The American flag is generally saluted during sporting events when the national anthem is played. Photo courtesy of pixabay.com

More insight on the reaction of Americans concerning Kaepernick’s decision to take a seat

Article by Cody Deitz, a contributing writer

Once again a professional athlete has seized his opportunity to stand—or, sit—on his soapbox. Colin Kaepernick is the most recent in a long line of athletes to use their platform to express a political opinion. As you surely know by now, as it’s been on endless repeat in the news cycle, Kaepernick refused to stand during the national anthem, and subsequently reported that he could not stand for a flag that in his eyes represented racial oppression and police brutality. I can’t blame him, or any of the other athletes, for taking his chance to say something. I’ve taken advantage of smaller audiences to say less.

Of obvious interest is the fact that the freedom he’s asserting is the very freedom most people associate with that flag, which makes Kaepernick’s actions seem ignorant or needlessly petulant to many. In his recent piece here in the Dakota Student, Stewart Eidson acknowledges Kaepernick’s right to remain seated, though disagrees with his choice, and I find that I feel similarly (though I am generally irritated by outspoken athletes). And more than whether we agree or disagree with Kaepernick’s actions, or the cultural narrative he argues justifies those actions, I’m interested in the ways this ephemeral blip on the culture radar has revealed how we think about signs and symbols, and how arbitrary and subjective those ways can be.

A sign or symbol, of course, derives its power from its communal recognition; a private symbol, in other words, isn’t much of a symbol at all. And in many ways, a national flag is the ultimate symbol. It feels graceful and enduring, though a quick stroll through 20th century history reveals quickly how fleeting a flag—to say nothing of the nation for which it stands—can be.

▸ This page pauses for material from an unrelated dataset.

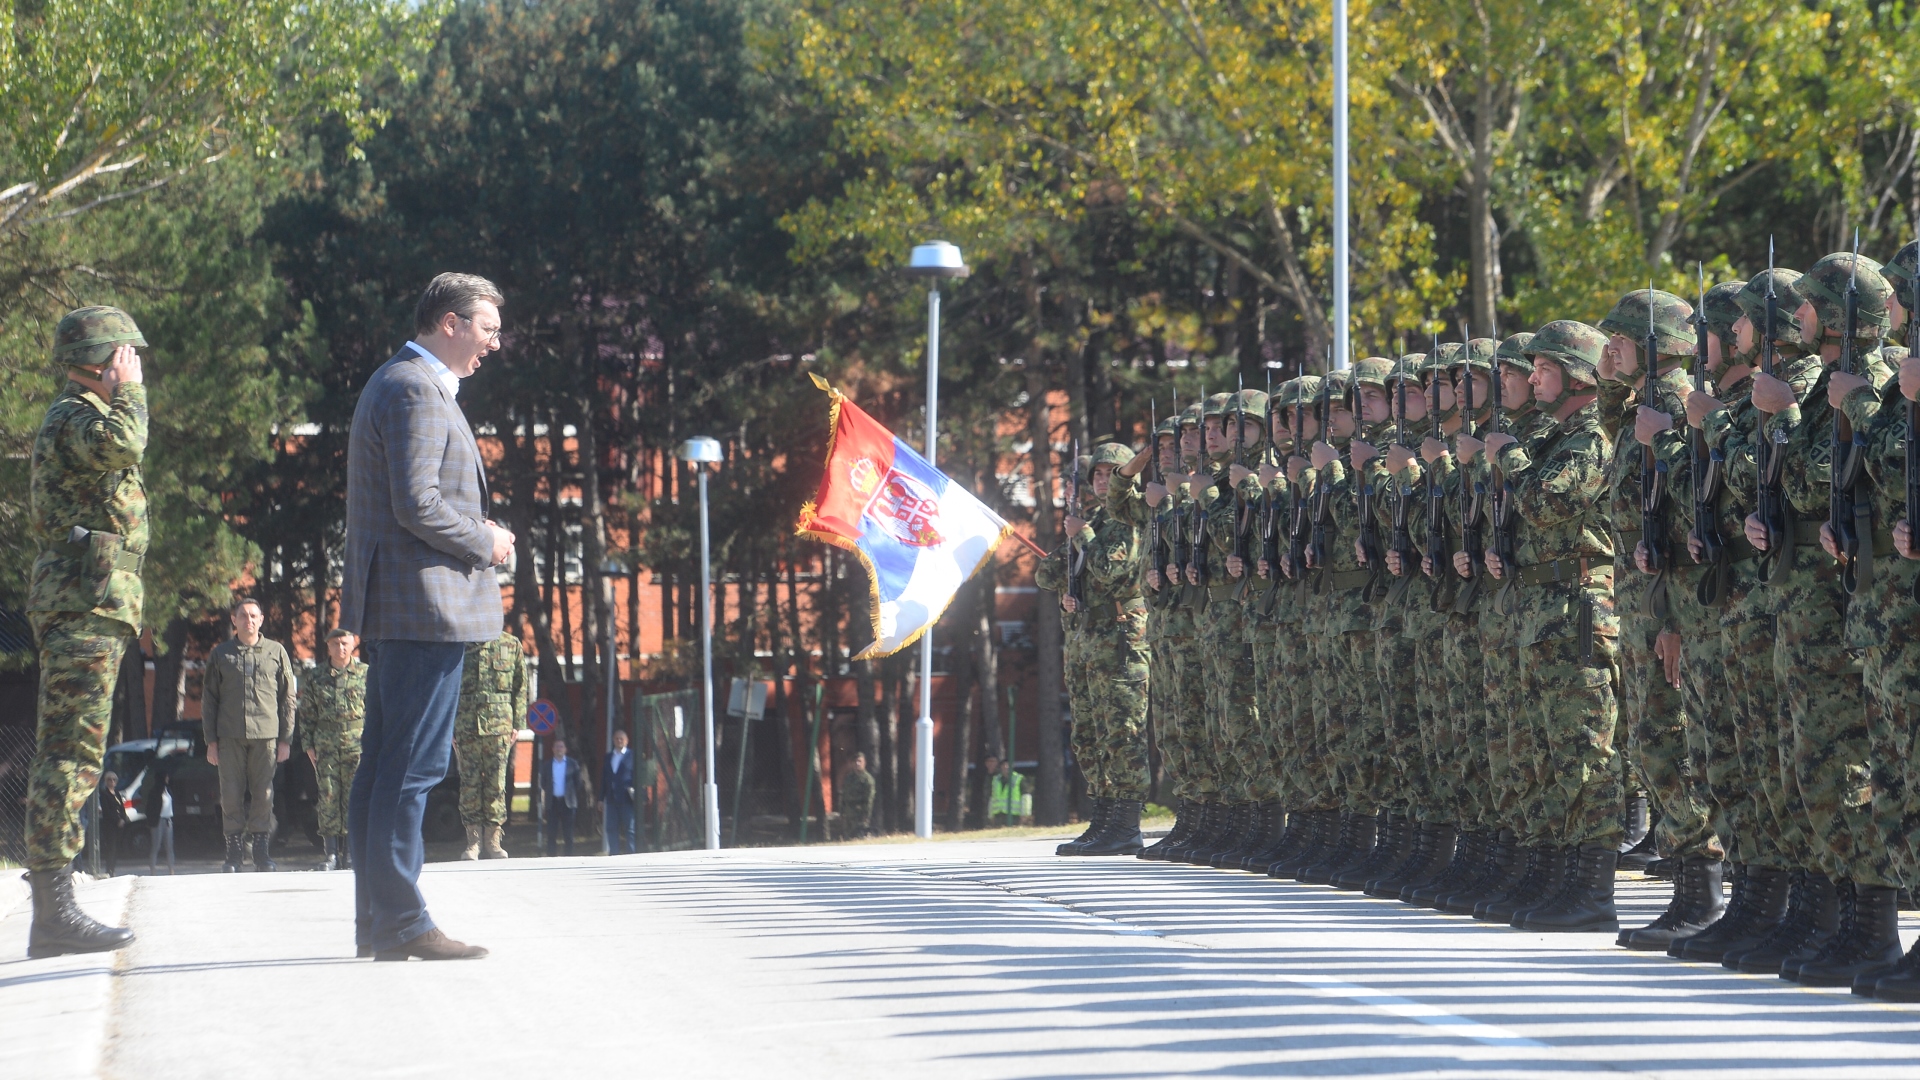 Predsednik Srbije ALeksandar Vucic u Kursumliji koliko je Srbija snaznija toliko je i vojska jaca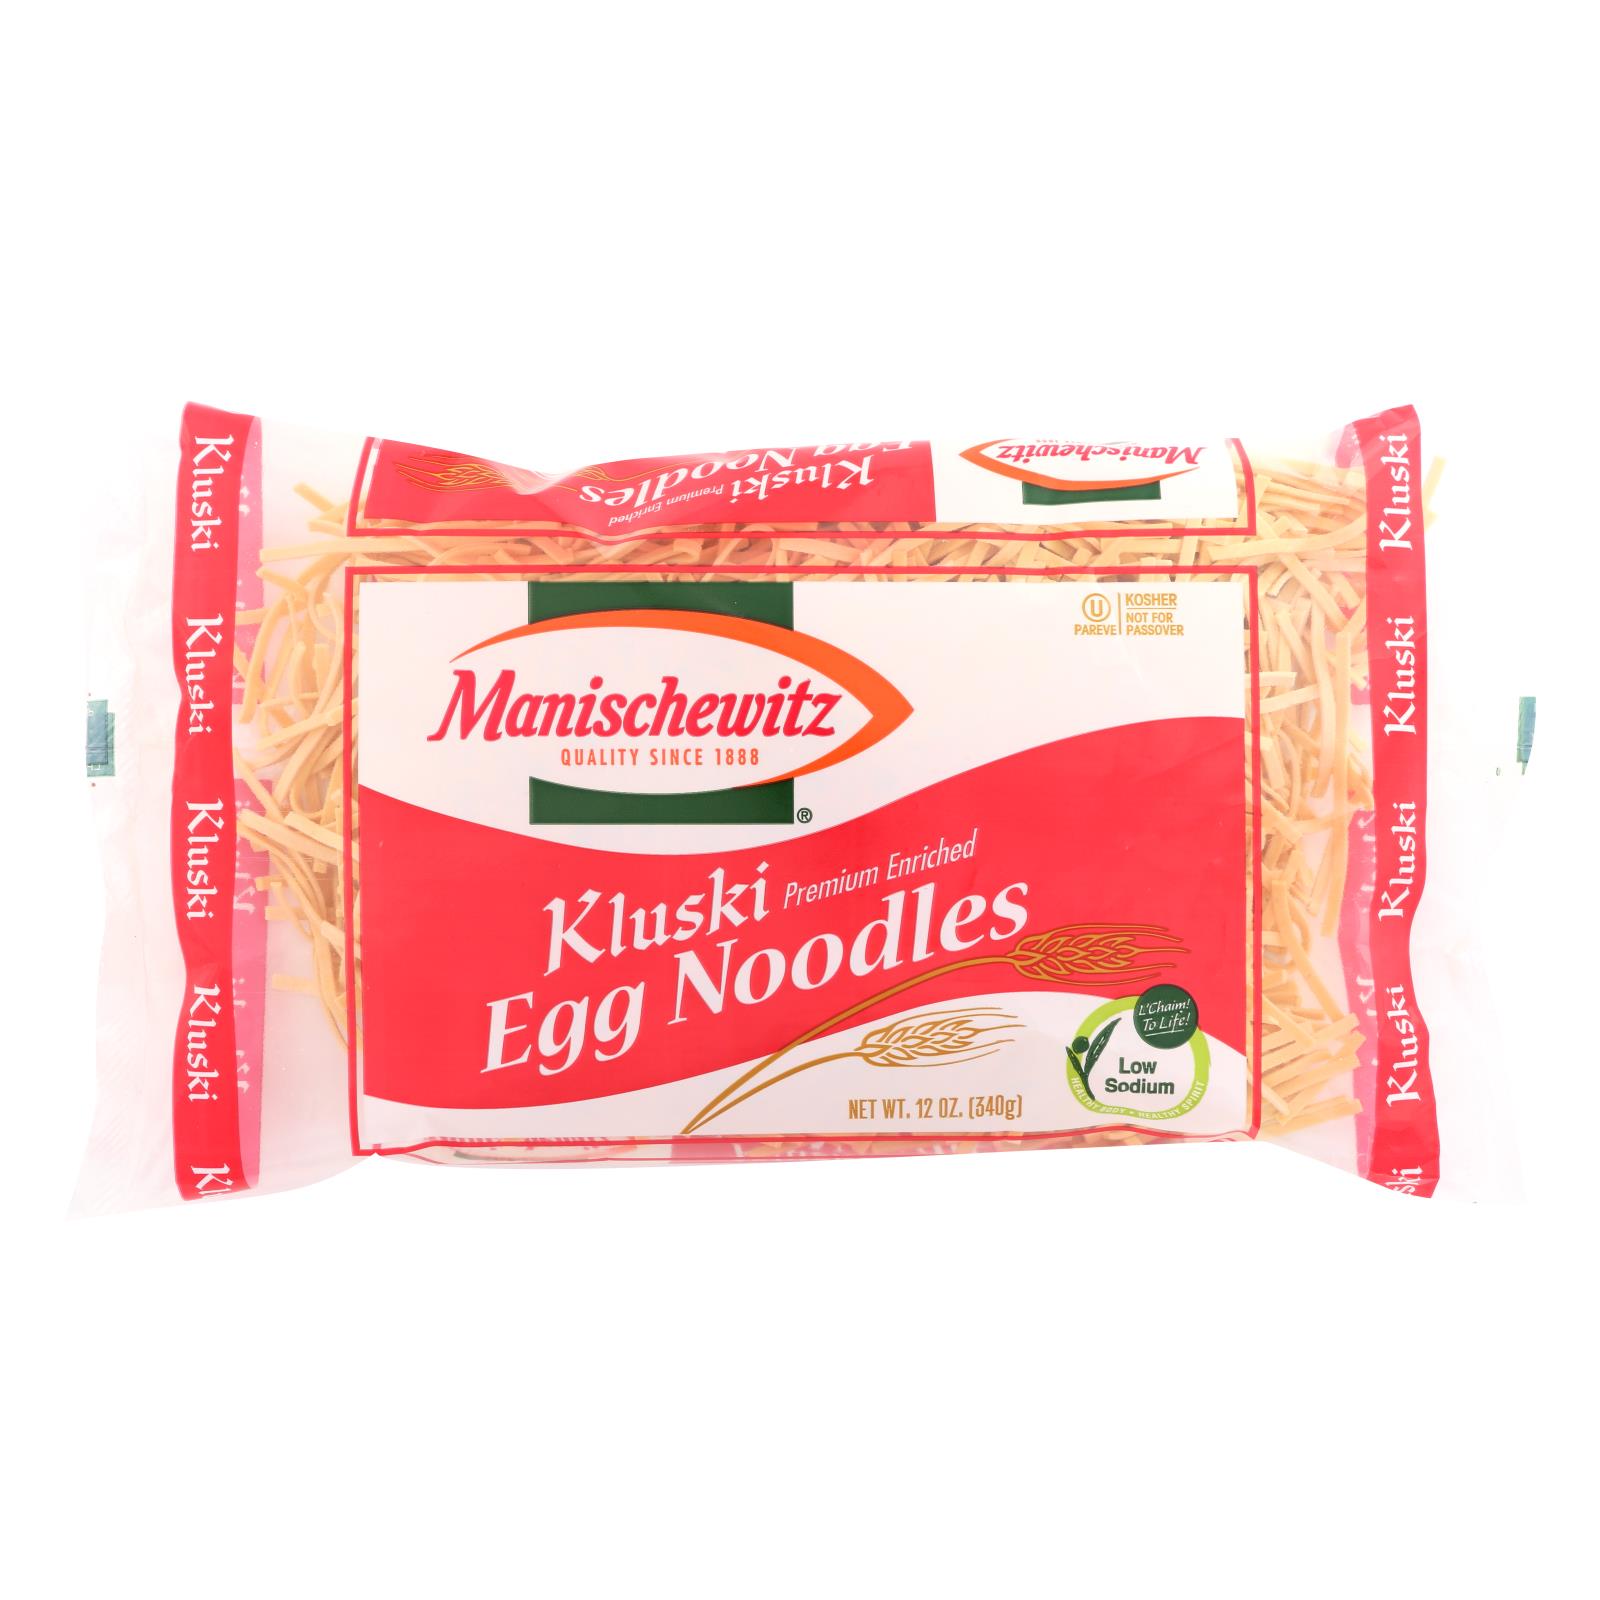 Manischewitz Kluski Premium Enriched Egg Noodles - 12개 묶음상품 - 12 OZ

And much like the shifting designs and meanings themselves, how we think of the flag is continually being recontextualized.

Old Glory, for example, has meant countless things to countless people throughout our country’s relatively short history. In the contemporary moment, it might certainly stand for police brutality. It might stand for drone strikes overseas. It might stand for continuous war. It might also stand for disaster relief, or freedom from extremist oppression, or safe haven from totalitarian governments. Within the confines of our own national history, the flag has been flown by Union soldiers, black and white, fighting to defend self-determination, and it’s also been flown by members of the Ku Klux Klan fighting for their own perverted sense of the same.

The meaning of a sign or symbol, while in a sense collectively determined or recognized, is eternally slippery and subjective. This is because a symbol invariably does its work by gesturing to other symbols. In the case of our national flag, it gestures toward notions of liberty, independence, and unity, but what sense of liberty? What manner of independence? Unity of whom, and for what?

All this is to say that we might take advantage of Kaepernick’s urge toward political commentary as an opportunity to reflect on the signs and symbols that surround us—and be especially investigative of those we cherish. Especially as students, we must seize every opportunity to cultivate our habits of inquiry and critique, especially in regards to our own beliefs.

I am not, to be clear, attempting to make the argument that signs and symbols are useless in their inherent arbitrariness; rather, I think their nature as relative gives them great power. We must, then, be willing always to question and investigate that power, and be aware of its presence lest it become powerful ideology—a system of thought we no longer recognize as such.

So when we criticize Kaepernick for refusing to stand for the national anthem, we must be sure of our reasons—and “because it’s our national anthem” is the worst and least supportable of these reasons. Ultimately, for me, at least, I couldn’t care less what a professional athlete thinks—I’m captivated, though, by how something like Kaepernick’s Bartleby moment contributes to our national conversation, and how little conversation is actually there.